The door opened with that particular violence that announced Jade Chen before Jade Chen was even fully inside — a gust of cold October air, the jingle of the bell, and the presence, enormous and unapologetic, of my best friend, who was wearing a camel coat that cost more than my rent and carrying a coffee she’d clearly bought at the place down the street because she thought The Grind’s baristas were “aggressively earnest.”
“You’re late,” I said.
“I’m curated,” Jade said, dropping into the chair across from me with the controlled chaos of a woman who had never once in her life been early and saw no reason to start. She unwound her scarf, caught sight of my expression, and narrowed her eyes. “You look sexually frustrated.”

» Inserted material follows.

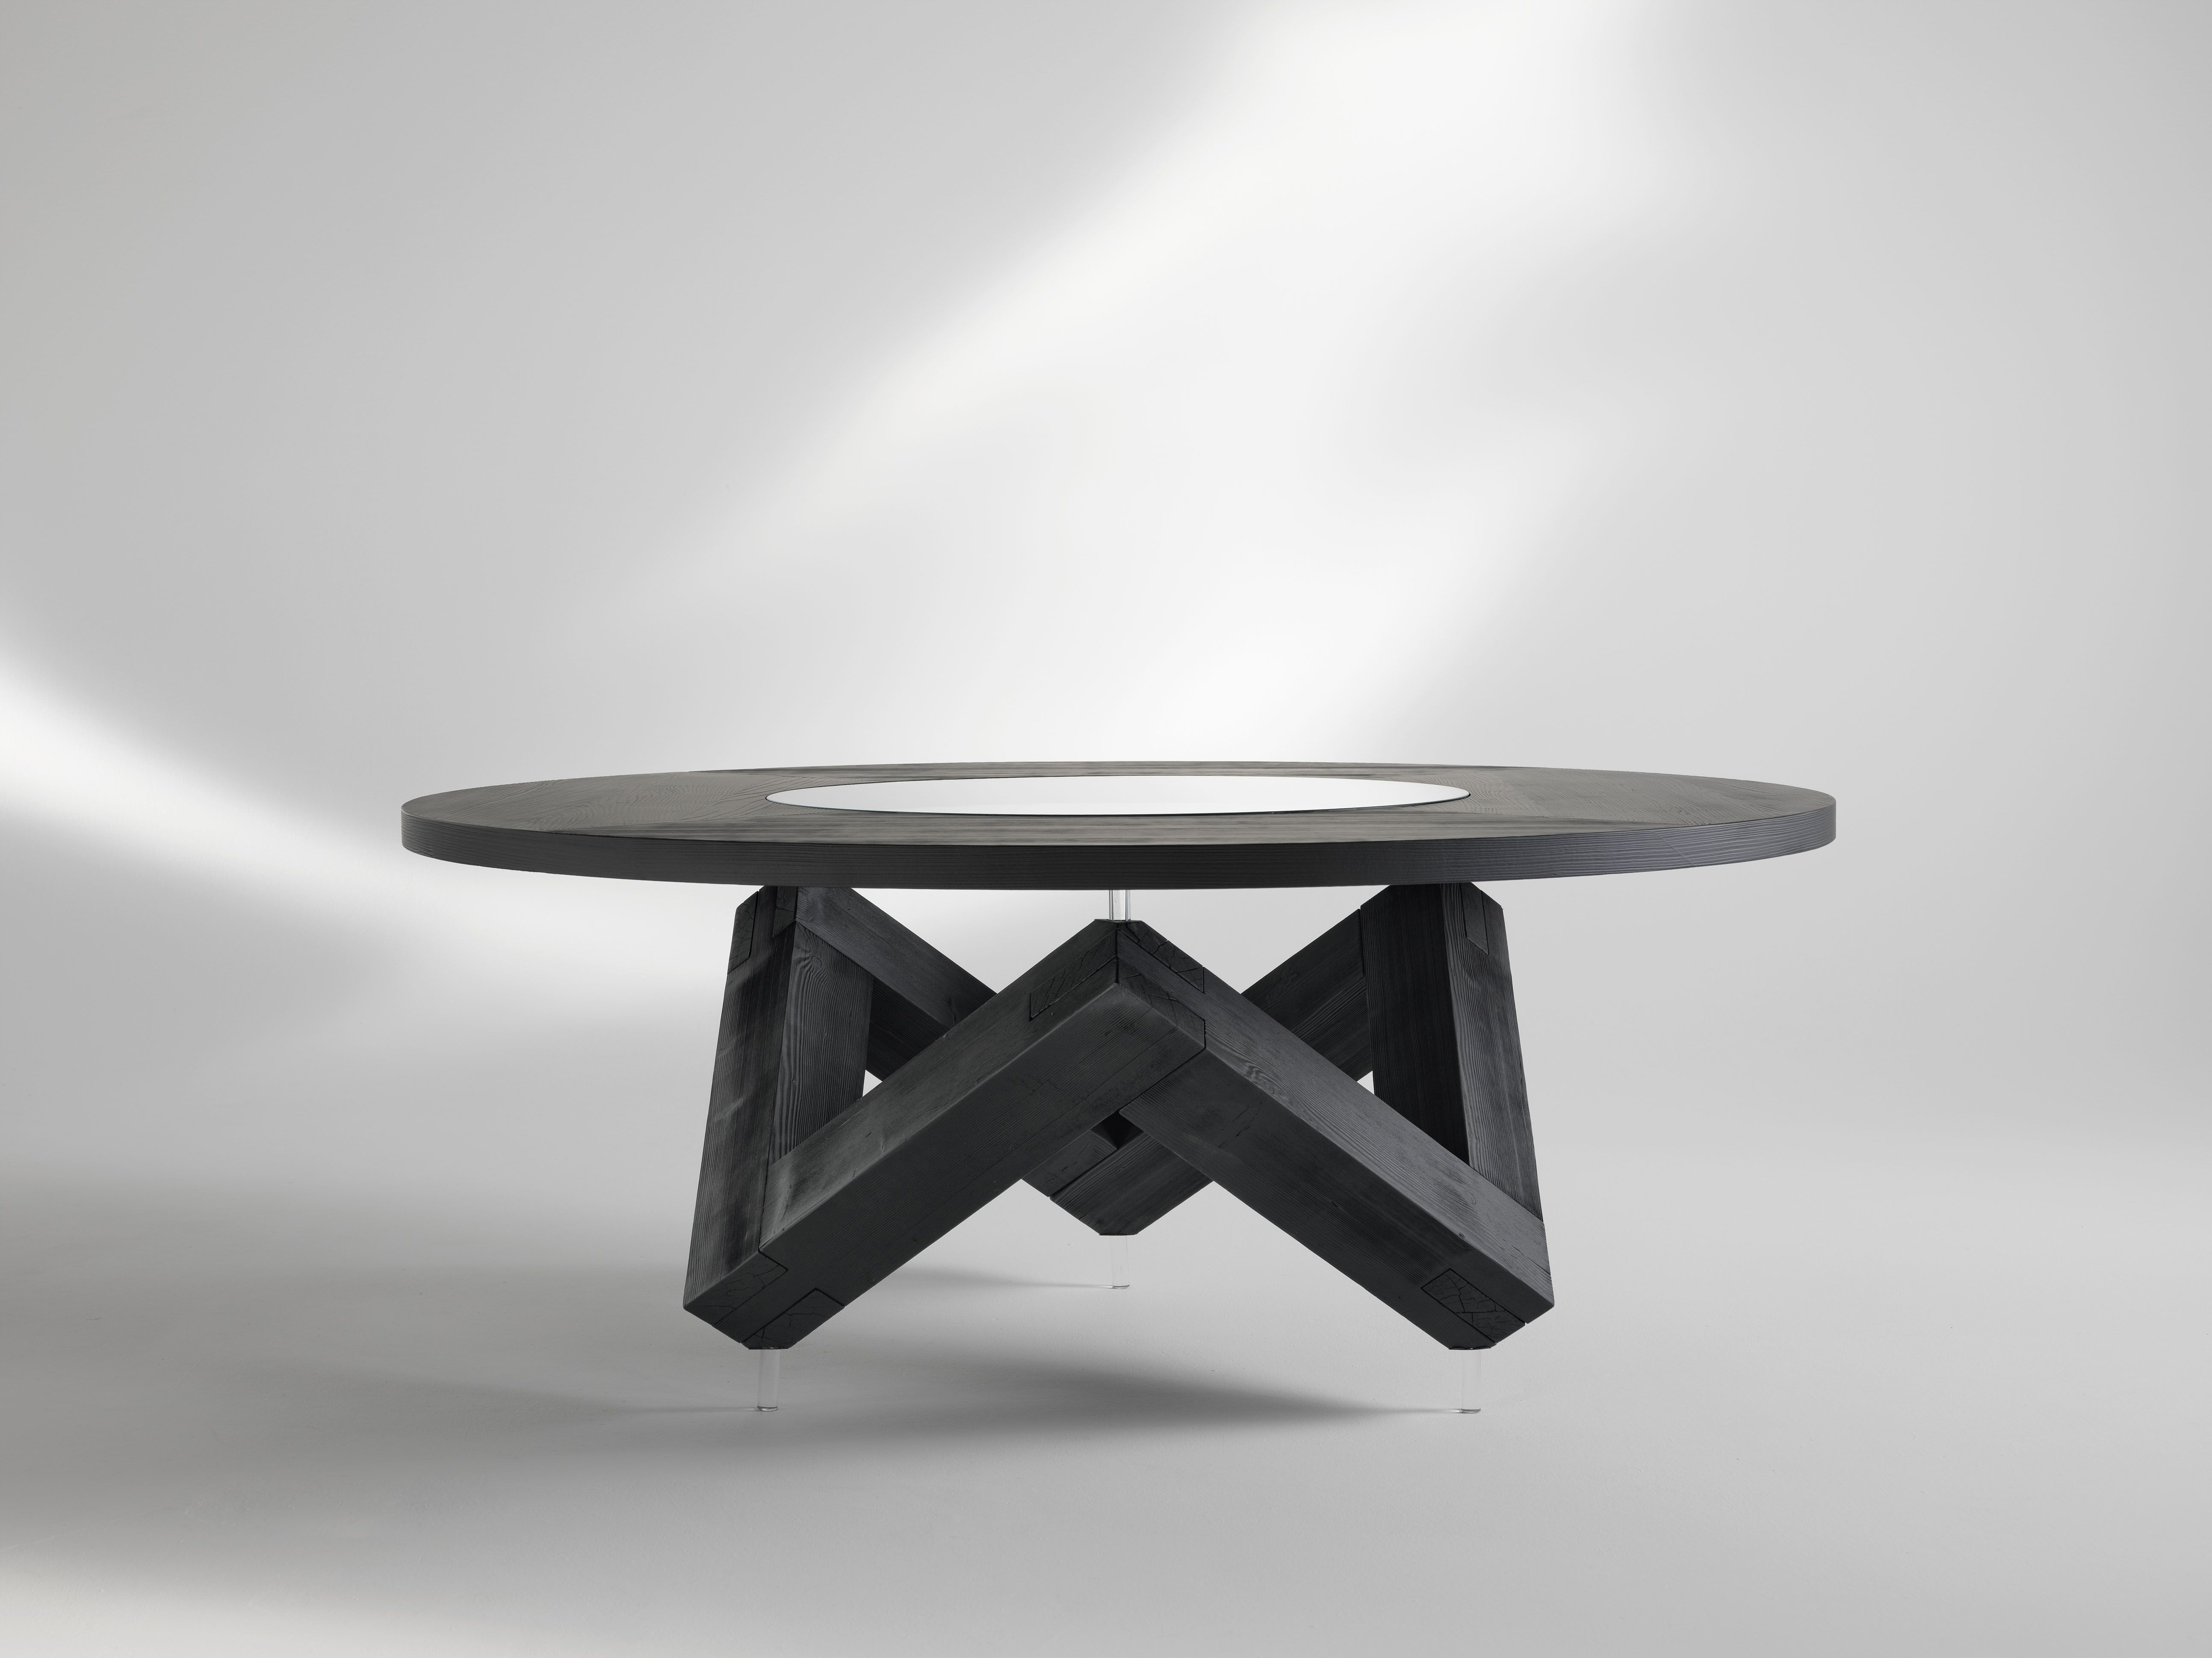 Tavolo Rotondo Moderno In Vetro.Tavolo Da Pranzo Tondo In Legno Con Piano Girevole In Vetro Bao

“I look like a graphic designer with a deadline.”
“Same thing, baby, but you specifically.” Jade pulled the tablet toward her before I could stop her, looked at the screen, and made a sound that was somewhere between a laugh and a gasp. “Aria.”
“I know.”
“This is a—”
“I know.”
“You were supposed to be drawing a logo.”
“I was drawing a logo.” I took the tablet back. “It’s a skyline. It’s an abstract skyline with two towers and a—”
“Honey.” Jade pressed her fingers to her mouth, shoulders shaking. “That is the most optimistic skyline I have ever seen in my life.”
“Stop.”
“How long has it been?”
“Jade—”
“No, I’m asking for real.” She leaned forward, all the laughter dropping away into something that was genuinely, infuriatingly fond. She had this gift for it, the pivot from teasing to sincere that always caught me off guard. “Since Marcus?”
I looked at my latte.
“Aria.”
“Eight months.” I said it quietly, the way you say something you’ve been avoiding saying out loud because saying it out loud makes it real. “It’s been eight months.”
The silence lasted approximately two seconds, which was about as long as Jade was capable of silence.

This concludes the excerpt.